Luce County Airport is a county-owned public-use airport located 3 mi southeast of the central business district of Newberry, a village in Luce County, Michigan, United States. It is included in the Federal Aviation Administration (FAA) National Plan of Integrated Airport Systems for 2017–2021, in which it is categorized as a basic general aviation facility.

The airport often played home to disaster relief training for agencies such as the civil air patrol.

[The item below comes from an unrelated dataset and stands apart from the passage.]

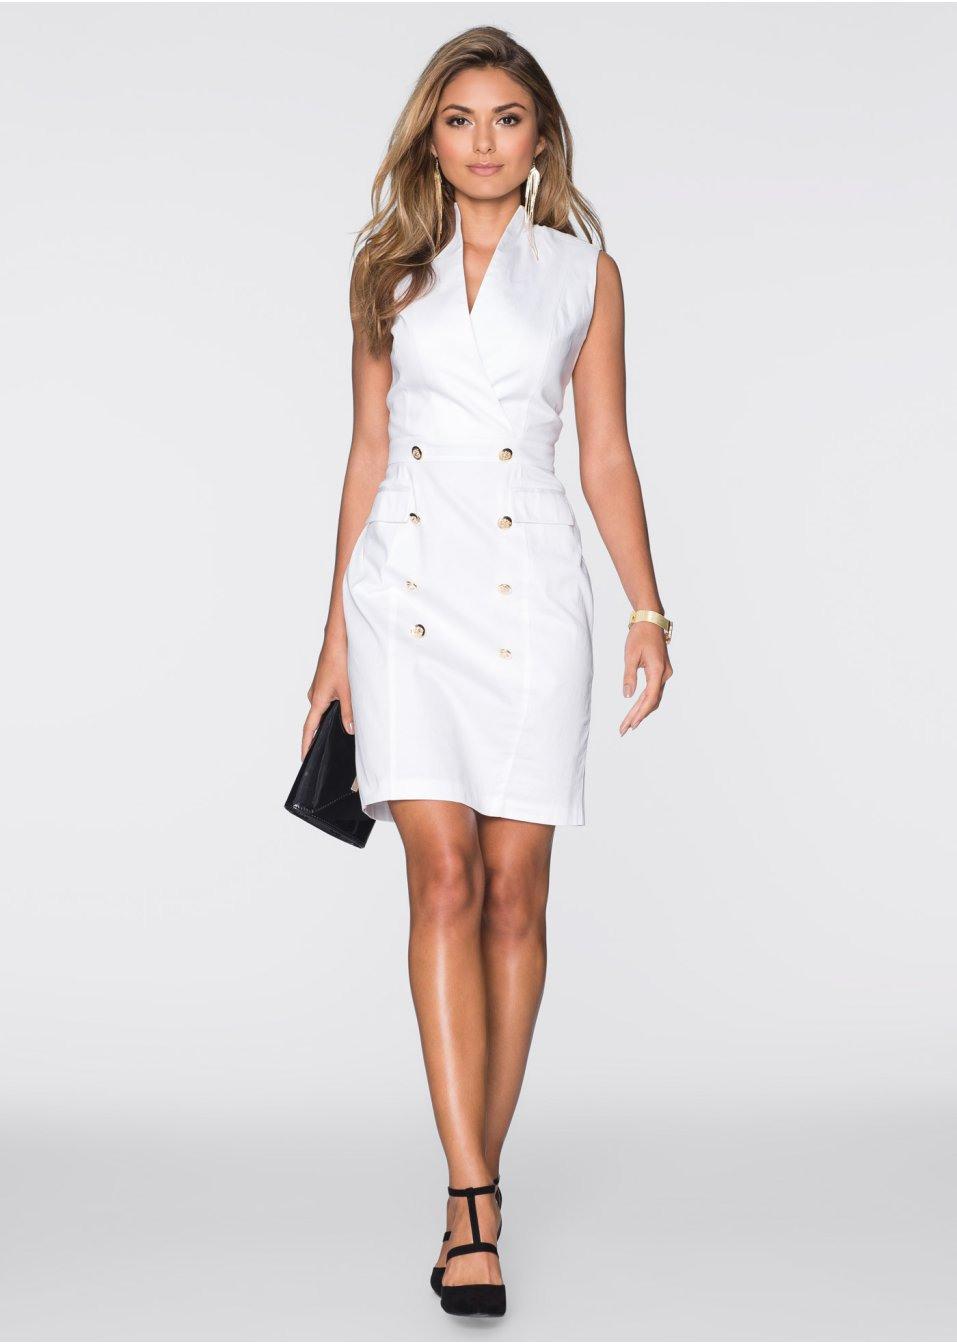 Kleid Weiß  Bodyflirt  Bonprixat

In 2020, the airport received $20,000 from the U.S. Department of Transportation to help recover from the COVID-19 pandemic.

== Facilities and aircraft ==
Luce County Airport covers an area of 160 acre and has two runways: designated 11/29 with a 4,304 x 75 ft (1,312 x 23 m) asphalt surface and 4/22 with a 2,856 x 150 ft (871 x 46 m) turf surface.

The airport has a fixed-base operator that offers avgas as well as general maintenance, a conference room, a crew lounge, and snooze rooms.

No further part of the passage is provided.